Don’t Drown in your Data Lake

Don't drown in your data lake

Don't drown in your data lakeA data lake is “…a method of storing data within a system or repository, in its natural format, that facilitates the collocation of data in various schemata and structural forms…”1. Many companies find value in using a data lake but aren’t clear that they need to properly plan for it and maintain it in order to prevent issues.

The idea of a data lake rose from the need to store data in a raw format that is accessible to a variety of applications and authorized users. Hadoop is often used to query the data, and the necessary structures for querying are created through the query tool (schema on read) rather than as part of the data design (schema on write). There are other tools available for analysis, and many cloud providers are actively developing additional options for creating and managing your data lake. The cloud is often viewed as an ideal place for your data lake since it is inherently elastic and can expand to meet the needs of your data.

Data Lake or Data Swamp?

One of the key components of a functioning data lake is the continuing inflow and egress of data. Some data must be kept indefinitely but some can be archived or deleted after a defined period of time. Failure to remove stale data can result in a data swamp, where the out of date data is taking up valuable and costly space and may be causing queries to take longer to complete. This is one of the first issues that companies encounter in maintaining their data lake. Often, people view the data lake as a “final resting place” for data, but it really should be used for data that is accessed often, or at least occasionally.

A natural spring-fed lake can turn into a swamp due to a variety of factors. If fresh water is not allowed to flow into the lake, this can cause stagnation, meaning that plants and animals that previously were not able to be supported by the lake take hold. Similarly, if water cannot exit the lake at some point, the borders will be breached, and the surrounding land will be inundated. Both of these conditions can cause a once pristine lake to turn into a fetid and undesirable swamp. If data is no longer being added to your data lake, the results will become dated and eventually unreliable. Also, if data is always being added to the lake but is not accessed on a regular basis, this can lead to unrestricted growth of your data lake, with no real plan for how the data will be used. This can become an expensive “cold storage” facility that is likely more expensive than archived storage.

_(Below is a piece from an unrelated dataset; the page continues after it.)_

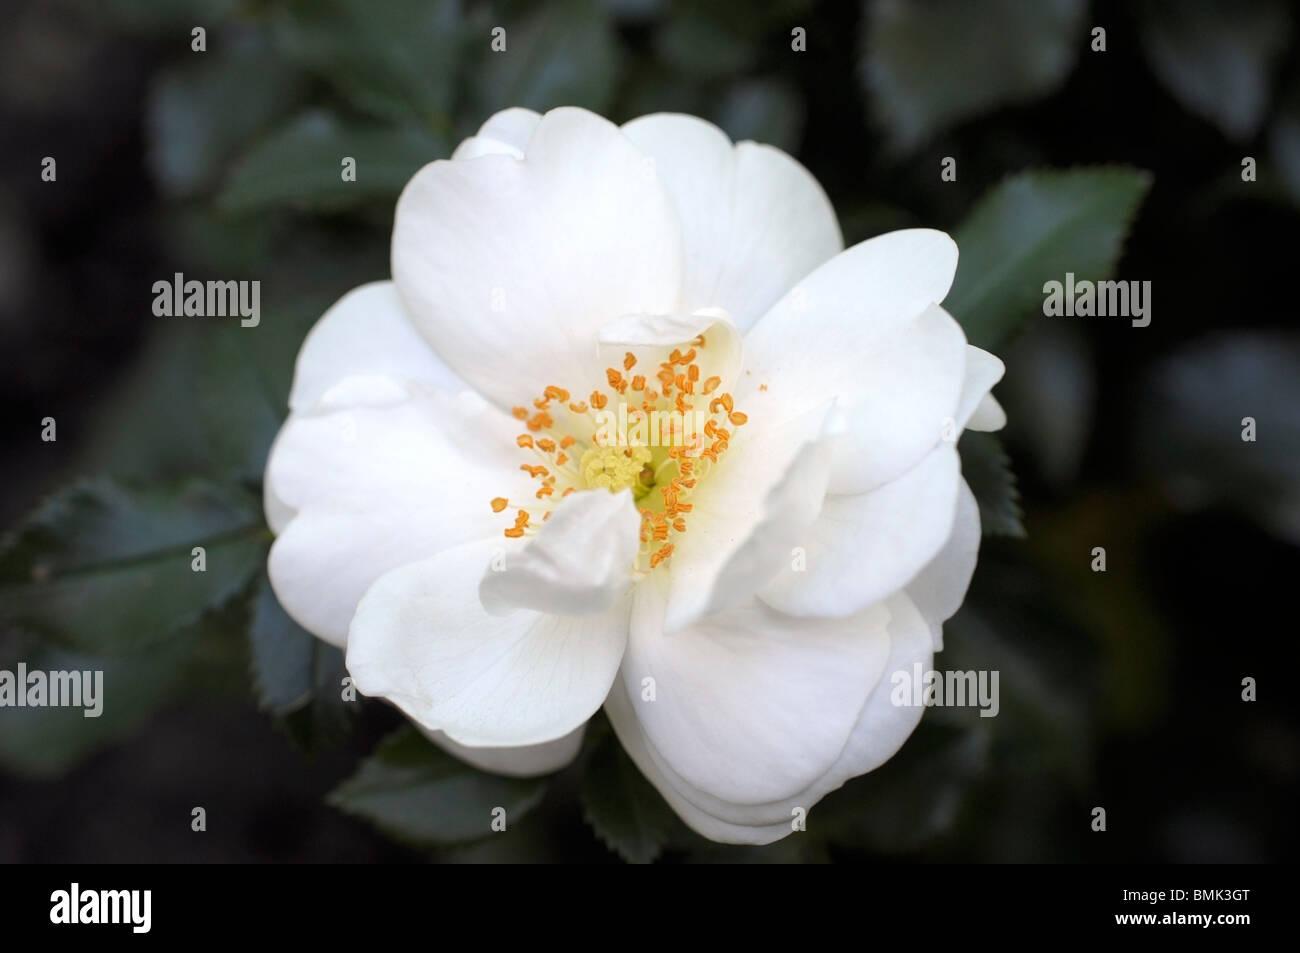 Bianco Rosa Vigorosa Immagini Stock

If bad or undesirable items, like old cars or garbage, are thrown into a lake, this can damage the ecosystem, causing unwanted reactions. In a data lake, this is akin to simply throwing data into the data lake with no real rules or rationale. While the data is saved, it may not be useful and can cause negative consequences across the whole environment since it is consuming space and may slow response times. Even though a basic concept of a data lake is that the data does not need to conform to a predefined structure, like you would see with a relational database, it is important that some rules and guidelines exist regarding the type and quality of data that is included in the lake. In the absence of some guidelines, it becomes difficult to access the relevant data for your needs. Proper definition and tagging of content help to ensure that the correct data is accessible and available when needed.

Unrestricted Growth Consequences

Many people have a junk drawer somewhere in their house; a drawer that is filled with old receipts, used tickets, theater programs, and the like. Some of this may be stored for sentimental reasons, but a lot of it is put into this drawer since it was a convenient dropping place for things. Similarly, if we look to the data lake as the “junk drawer” for our company, it is guaranteed to be bigger and more expensive than it truly needs to be.

It is important that the data that is stored in your data lake has a current or expected purpose. While you may not have a current use for some data, it can be helpful to keep it around in case a need arises. An example of this is in the area of machine learning. Providing more ancillary data enables better decisions since it provides a deeper view into the decision process. Therefore, maintaining some data that may not have a specific and current need can be helpful. However, there are cases where maintaining a huge volume of data can be counterproductive. Consider temperature information delivered from a switch. If the temperature reaches a specific threshold, the switch should be shut down. Reporting on the temperature in an immediate and timely manner is important to make an informed decision, but stable temperature data from days, week, or months ago could be summarized and stored in a more efficient manner. The granular details can then be purged from the lake.

So, where is the balance? If you keep all the data, it can make your data lake unwieldy and costly. If you only keep data that has a specific current purpose, you may be impairing your future plans. Obviously, the key is to monitor your access and use of the data frequently, and purge or archive some of the data that is not being regularly used.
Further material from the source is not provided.